____ Data section

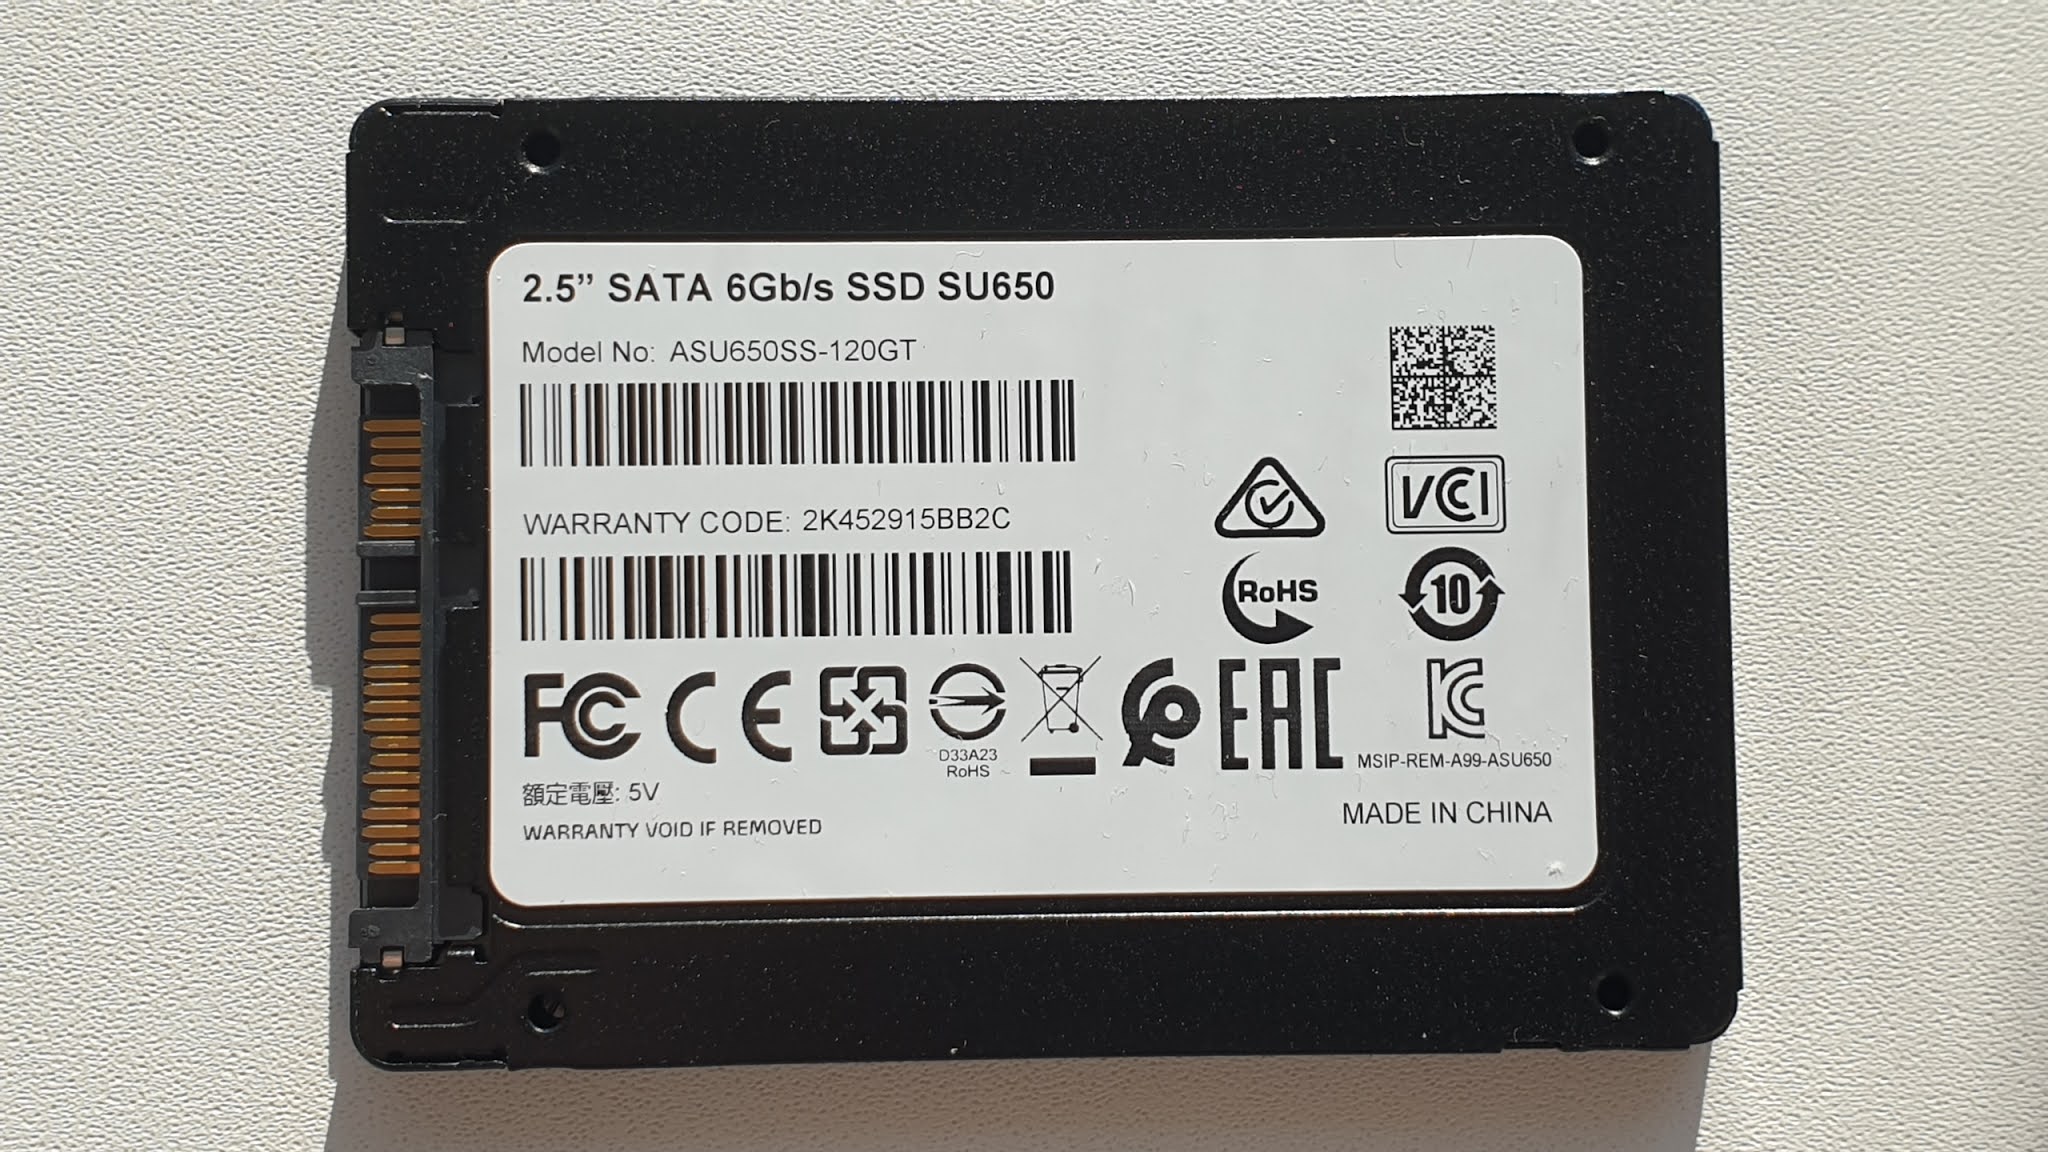 650 su. Asu650ss-120gt. Asu650ss-480gt-r. A-data SSD 120gb su650 asu650ss-120gt-r {SATA3.0}. 2.5 SATA 6 GB/S SSD su650.
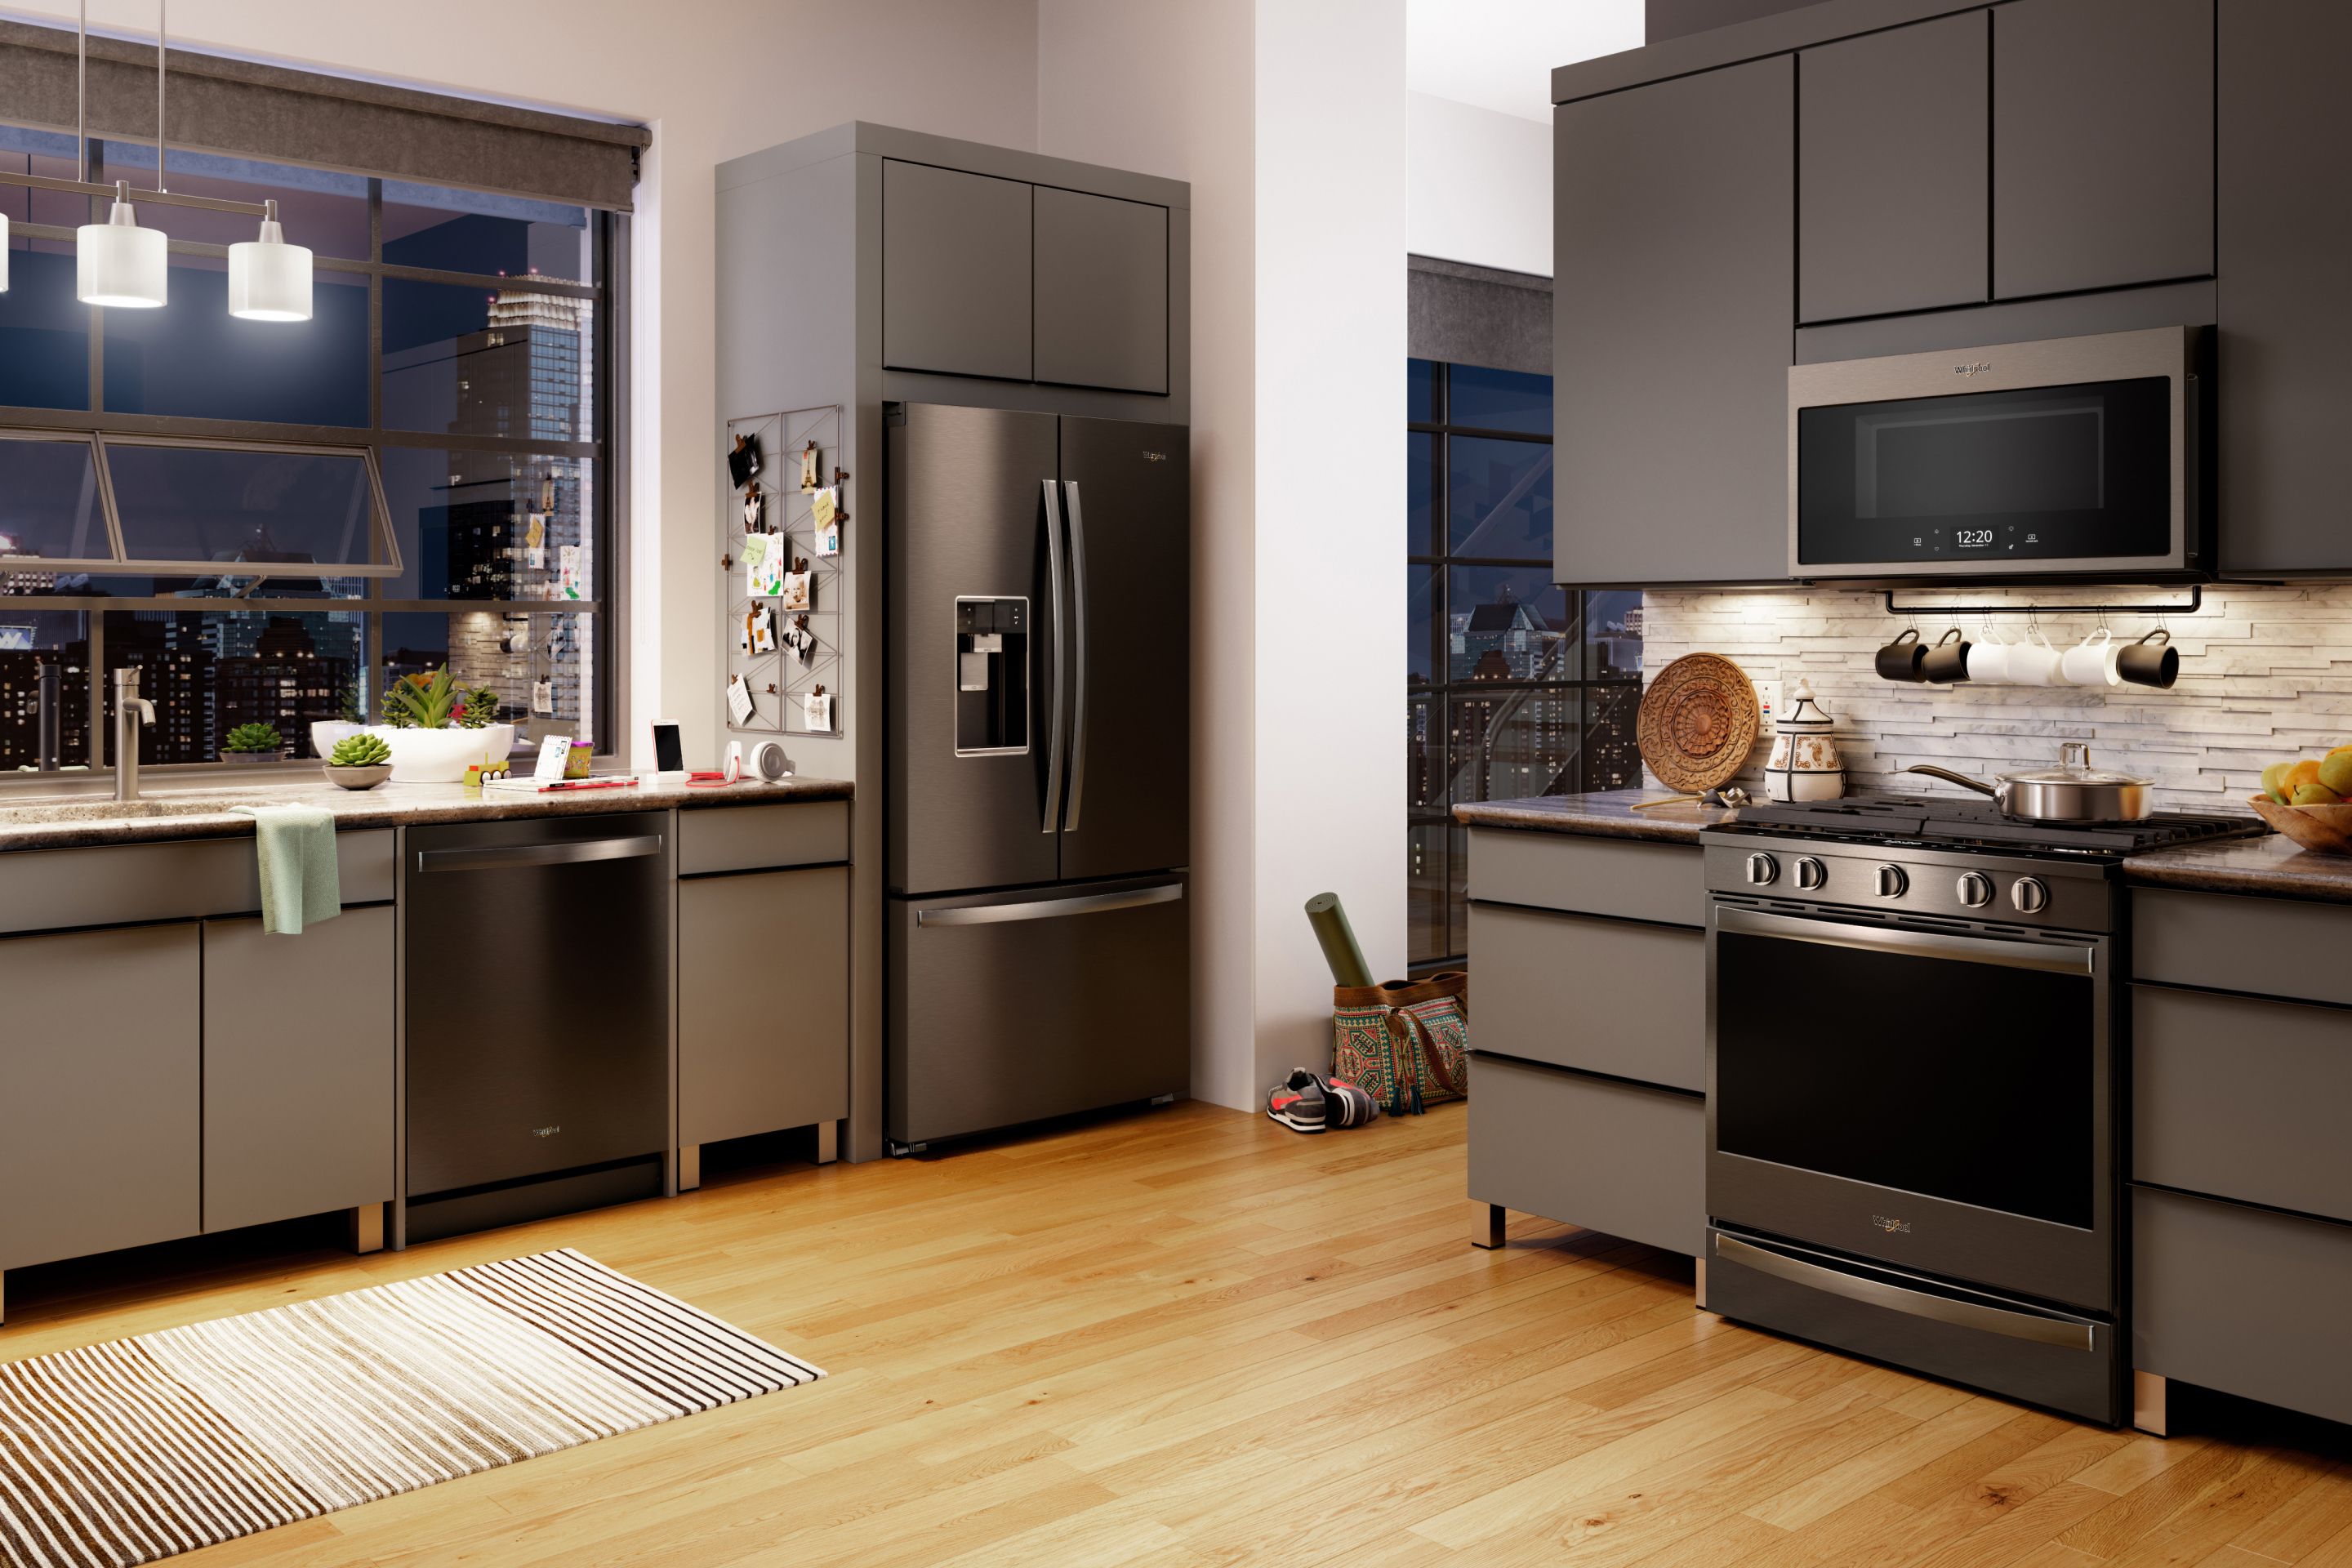 kitchen design stainless steel appliances
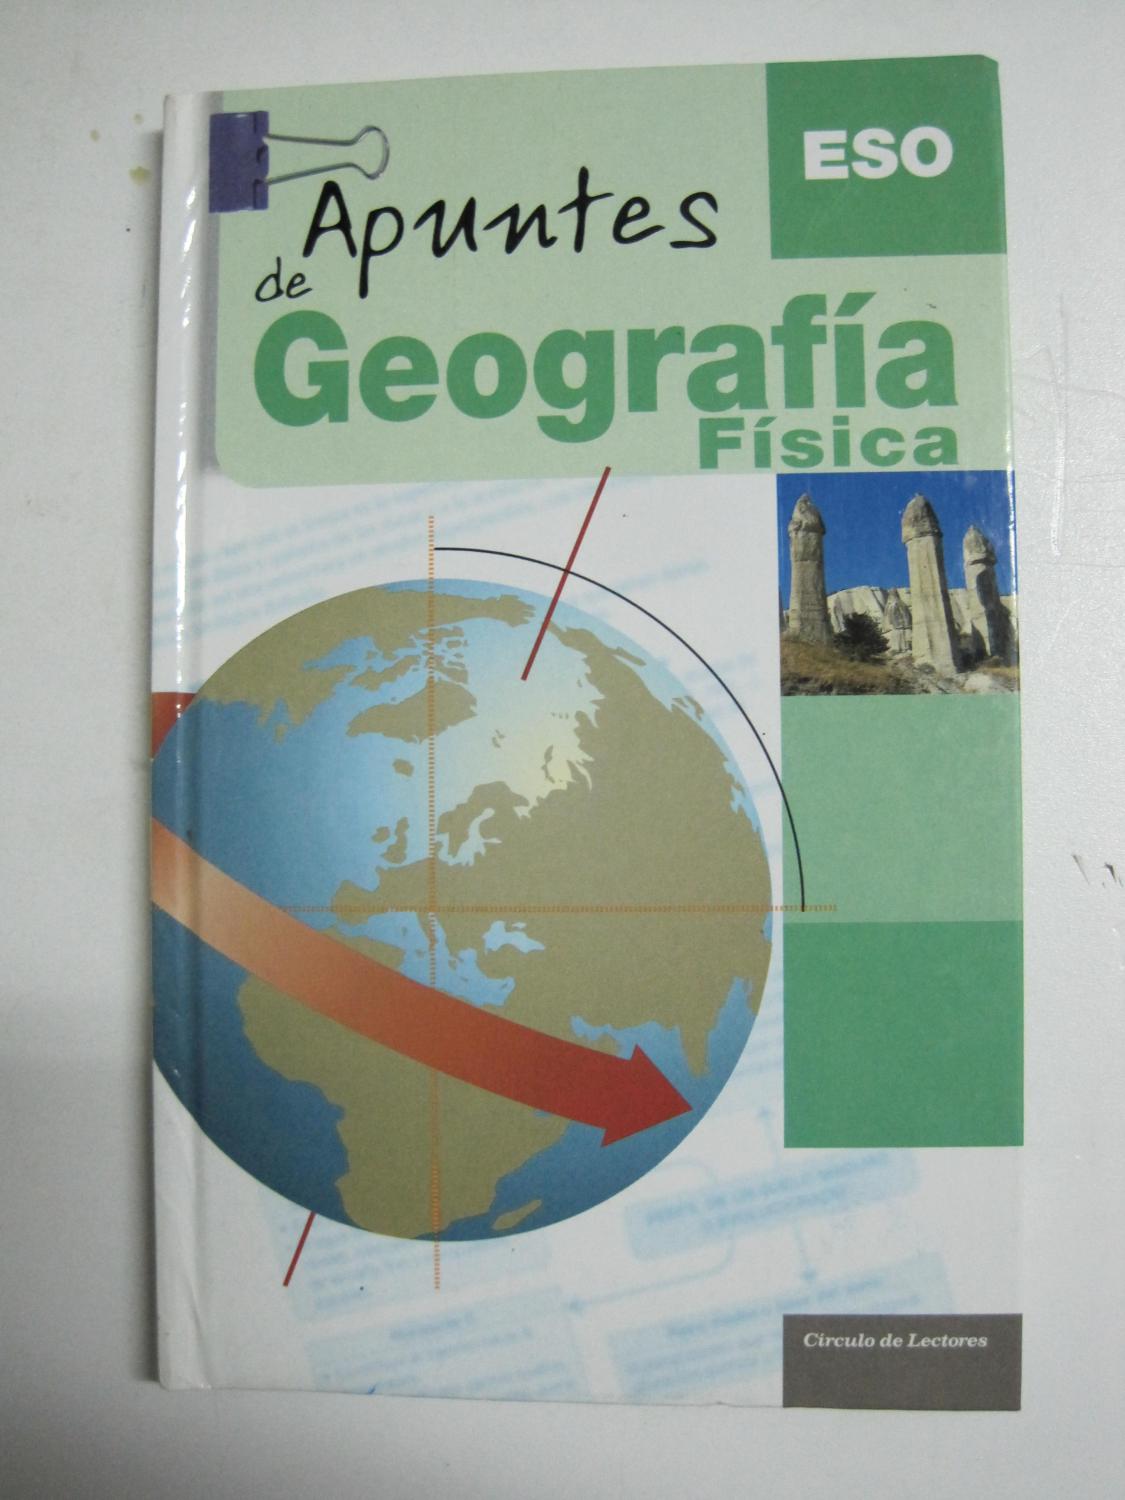 Apuntes de geografia y fisica, ESO - Banqueri Forns-Samsó, Eduardo

________

[Task statement]:
Could you transcribe all of the data exactly and omit the pictures?

[Answer for this exercise]:
 650 su. Asu650ss-120gt. Asu650ss-480gt-r. A-data SSD 120gb su650 asu650ss-120gt-r {SATA3.0}. 2.5 SATA 6 GB/S SSD su650.
 kitchen design stainless steel appliances
 Apuntes de geografia y fisica, ESO - Banqueri Forns-Samsó, Eduardo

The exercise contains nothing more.